The Art of Framing: 7 Leadership Tricks to Sell Your Story

As the year ends, many of us are firming up budgets for work, vacation plans for family, camps for kids, etc. Each of these exercises requires some level of leadership. You need to sell your budget internally. You need to build alignment with your significant other on the ideal location for summer vacation and you need to motivate your kids around that robotics camp (a 21st century trick for getting kids to summer school).

What do all of those actions have in common? You need to sell your story and “frame” your ideas.

Framing is about how you package and tell your story and it’s a serious leadership responsibility. As a leader, you are trying to drive change – motivating people, partners, organizations and countless others to act. More importantly, you are trying to get them to act on something before they may recognize the need to act. You are trying to build awareness and excitement about what could be.

Begin with a vision

Right now at work, most of our teams are planning their future, or at least the next 12 months of it. But as we plan the future and try to build excitement, how do we do it? Traditionally, it’s been done through numbers, spreadsheets, policy templates, planning meetings….and OMG stop!!! I can actually hear my energy dying a bit more with each of those words. Those boring, pointless and so-not-exciting words. Don’t get me wrong. I understand and agree we need goals and budgets, but we should not start with them. They should be the end result of something much bigger. We need to begin with a vision and a sense of purpose.

I have budgets and goals, but I start my planning with themes that center on what we are trying to achieve. The numbers and budgets tell us how (and if) we can afford it. Both are important, but usually only one gets done: the budget. And for most, that is usually an incremental planning exercise, not a dreaming exercise. Another way to look at it: budget planning is same-old process, same-old way, whereas a dreaming exercise is the very start of driving change. Potentially GREAT change.
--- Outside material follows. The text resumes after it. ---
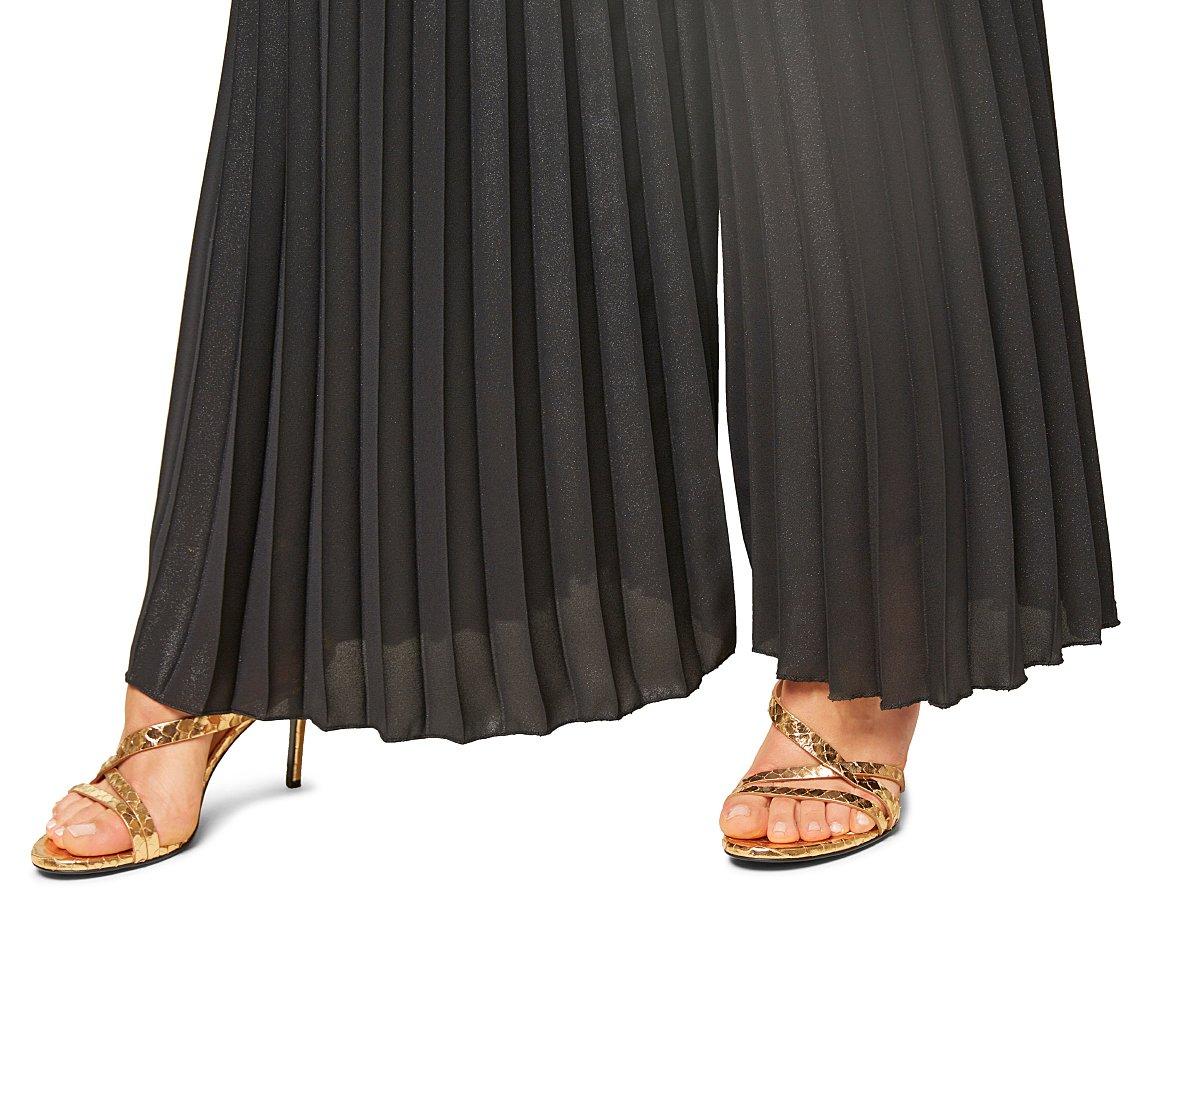 Pantaloni a vita alta in tessuto

At this time of year, we put our teams through these tasks and then we ask them to get excited, be optimistic, put their hearts into it. Really? As leaders, we cannot settle for doing this; we need to hold ourselves to a higher standard. We need to tap into the energy of our teams. Simply put, we need to frame the opportunity.

The art of framing

Framing is an art, not a science. You need to be willing to experiment and practice framing. Here are a few tricks to successfully frame your ideas:

  1. Know your audience. Remember the goal is to motivate and excite them, not show what you know. You want them to make this their story, a story they will be excited to tell others.
  2. Create themes. 3 to 5 people will not remember more than 3-5 themes. Without themes they will find it hard to understand and communicate your message
  3. Focus on hope, not fear. If you want people to be open and dream, you need to inspire hope. Fear triggers a fight-or-flight response and closes people off to thinking about what’s possible.
  4. Use emotion and passion. Think about words that carry energy. Think, talk and write with words that get others excited.
  5. Consider tone and cadence. When you frame your story live and in person, think about pace and tone. Walk and move as you speak, while looking at and connecting with the audience; it drives up the energy.
  6. Paint a picture. Make sure you have framed a picture that your team can see themselves in – a picture they would enjoy being a part of. A picture, not of numbers and budgets, but of people and purpose.
  7. Learn from each encounter. You will frame and deliver ideas countless times. Watch the reaction of the audience, engage with others during and after the presentation. Listen, learn and add more color to your canvas each time. The secret to successful framing is that it’s never quite complete. That’s what makes it so inclusive, energizing and believable.

I encourage all of you to give framing a real chance in 2017. Apply it to your business and personal plans. Maybe you are struggling with where to take your business in the future or maybe you just can’t decide where the family should vacation. Try approaching it with a new angle and employ the framing techniques to help you drive change.

I am focused on framing with my team and my family. And who knows? With any luck, my wife might really enjoy a trip to the Pro Bowl!